__What is required__:
When you return the data, keep every line exactly as it is and leave out the pictures.

__Data excerpt__:
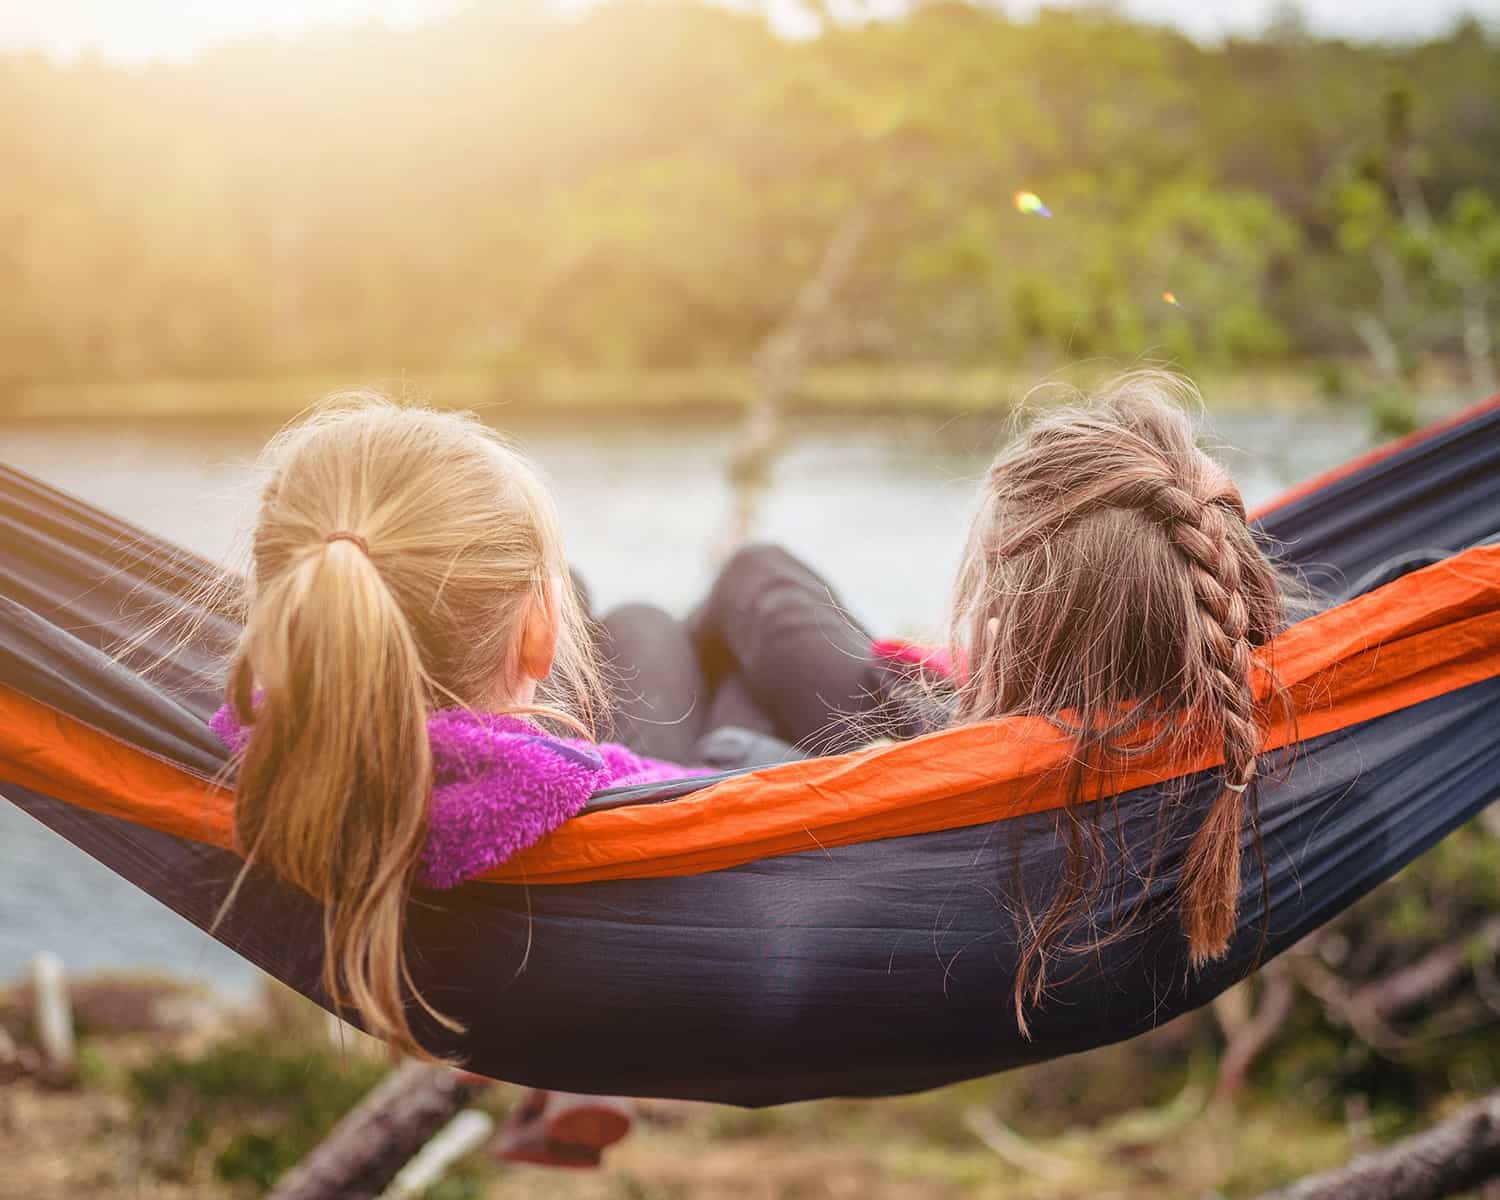 Two kids sitting hammock 
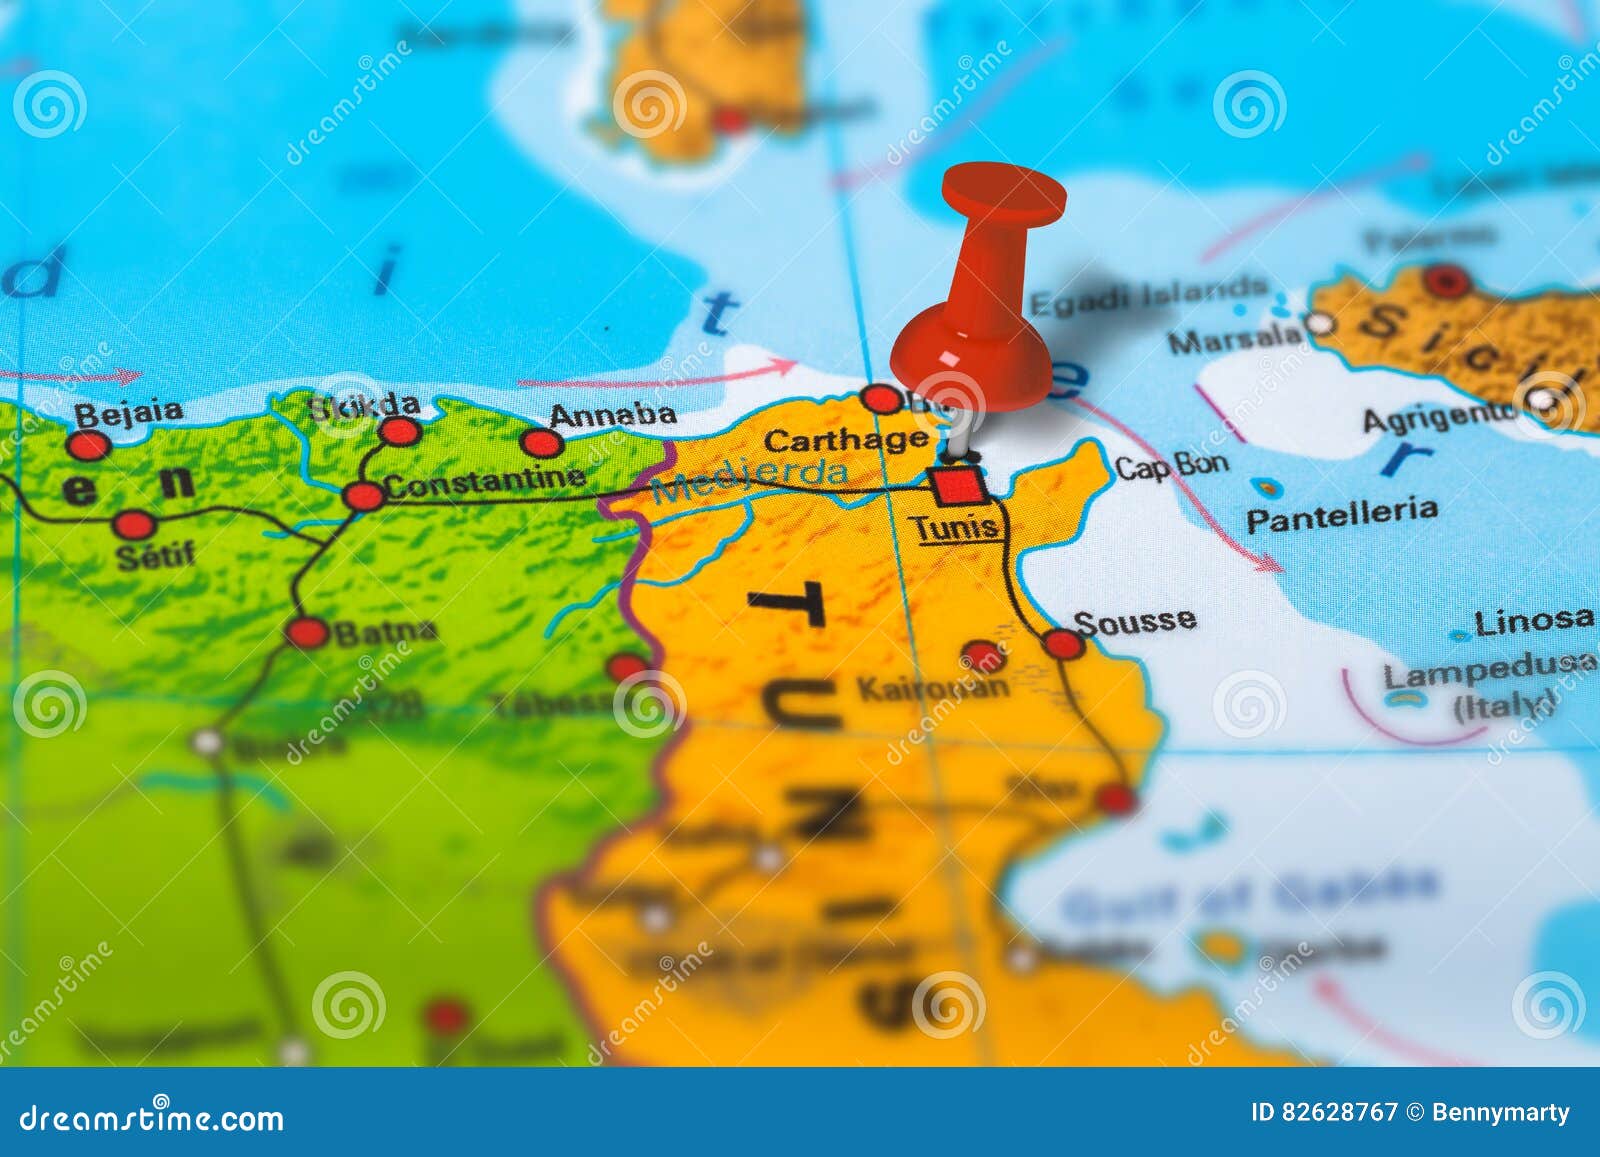 В какой стране находился карфаген. Карфаген на карте Туниса. Рельеф Туниса. Картаж Тунис. Карфаген на карте Африки.
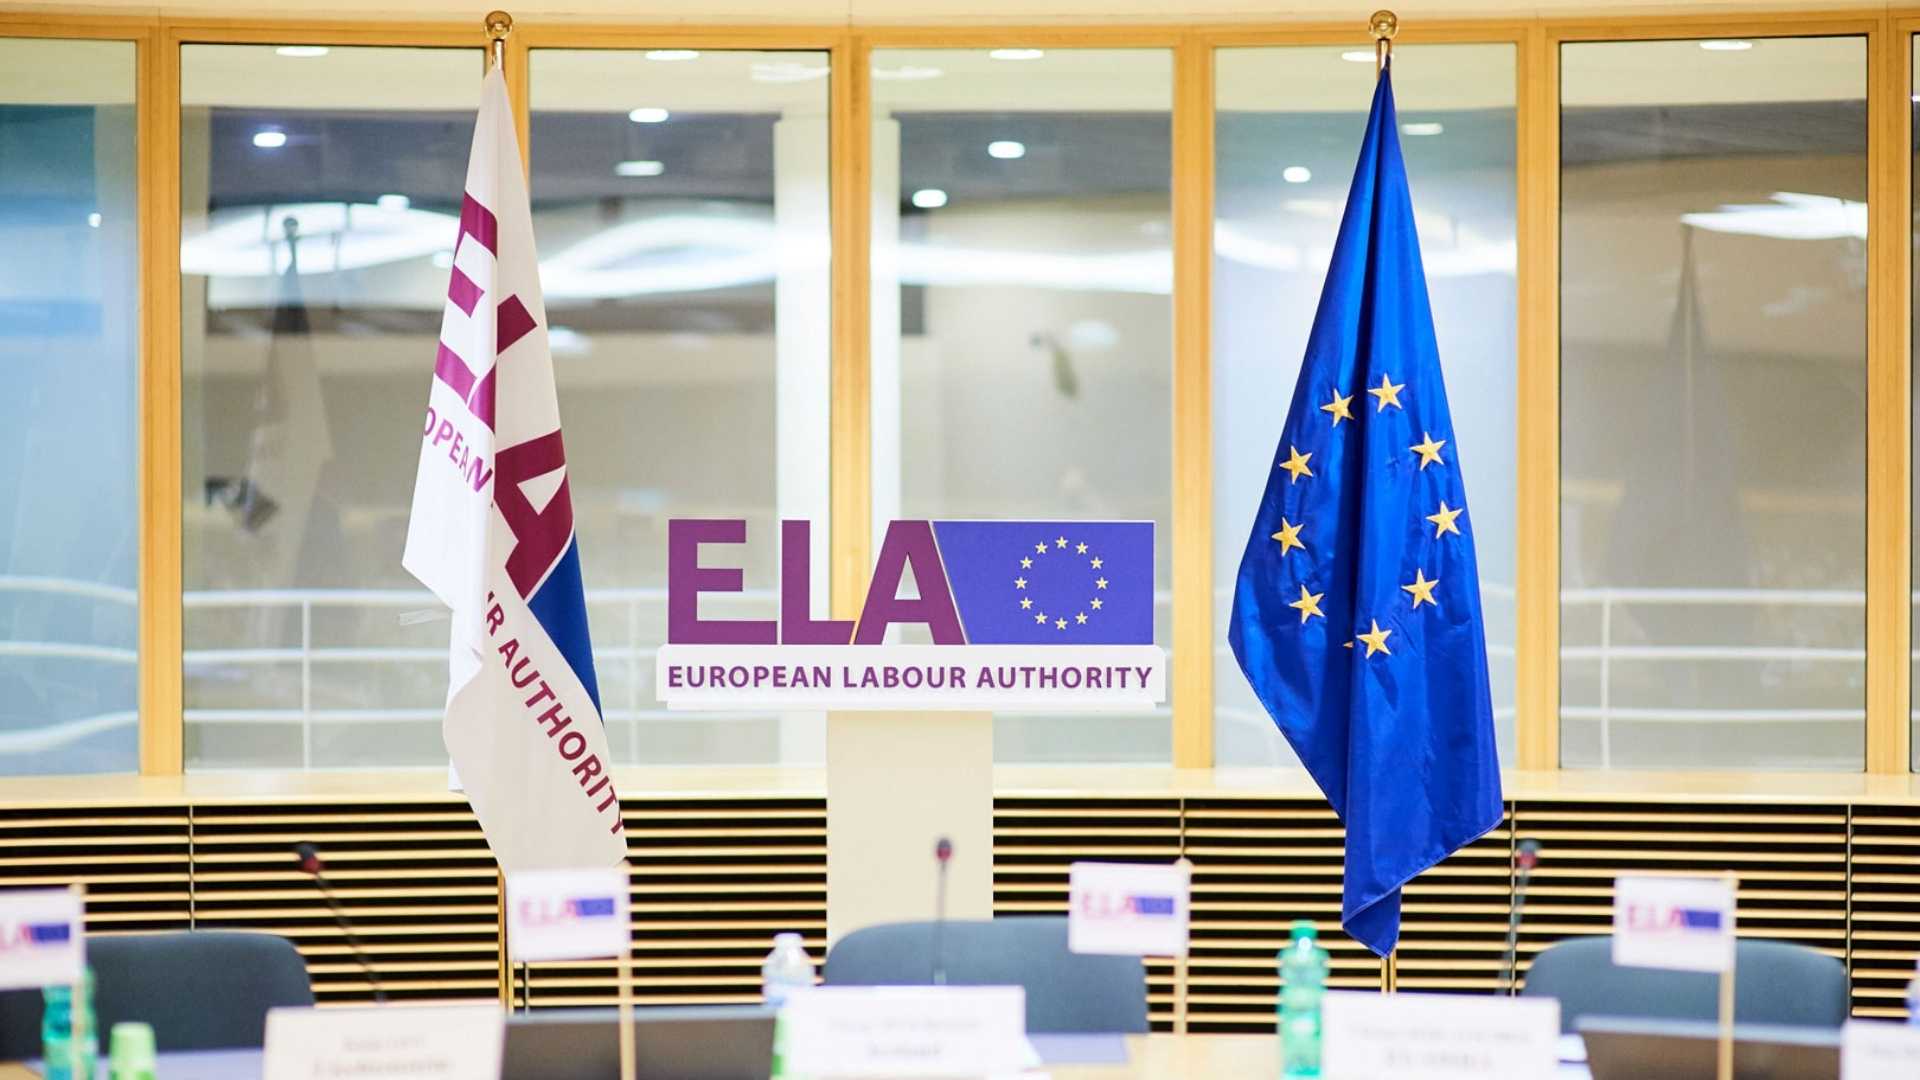 European Labour Authority
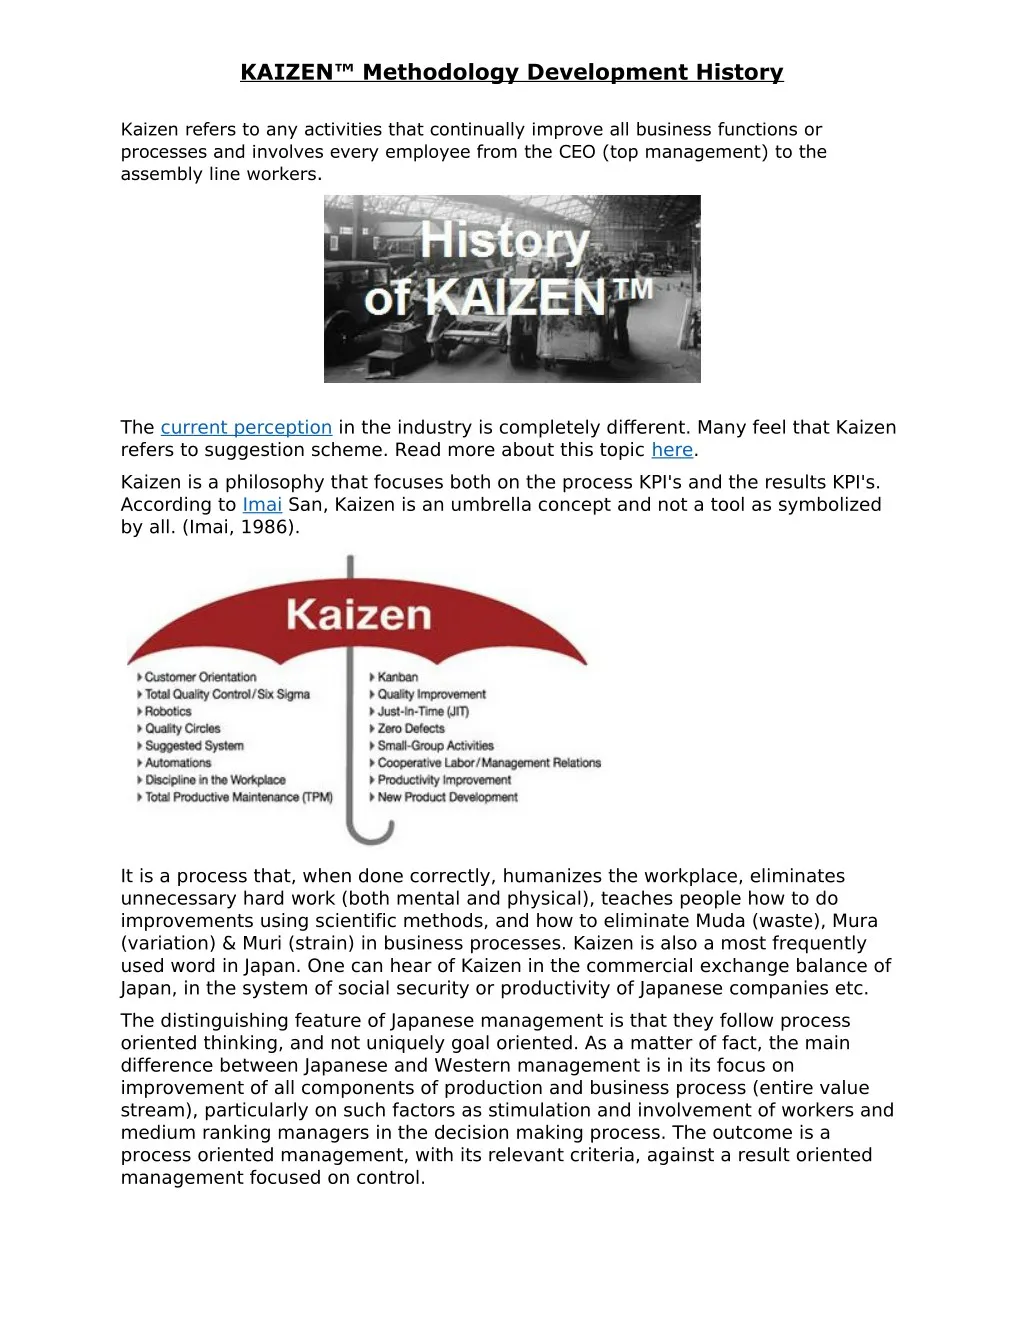 kaizen methodology development history

__Finished exercise__:
 Two kids sitting hammock 
 В какой стране находился карфаген. Карфаген на карте Туниса. Рельеф Туниса. Картаж Тунис. Карфаген на карте Африки.
 European Labour Authority
 kaizen methodology development history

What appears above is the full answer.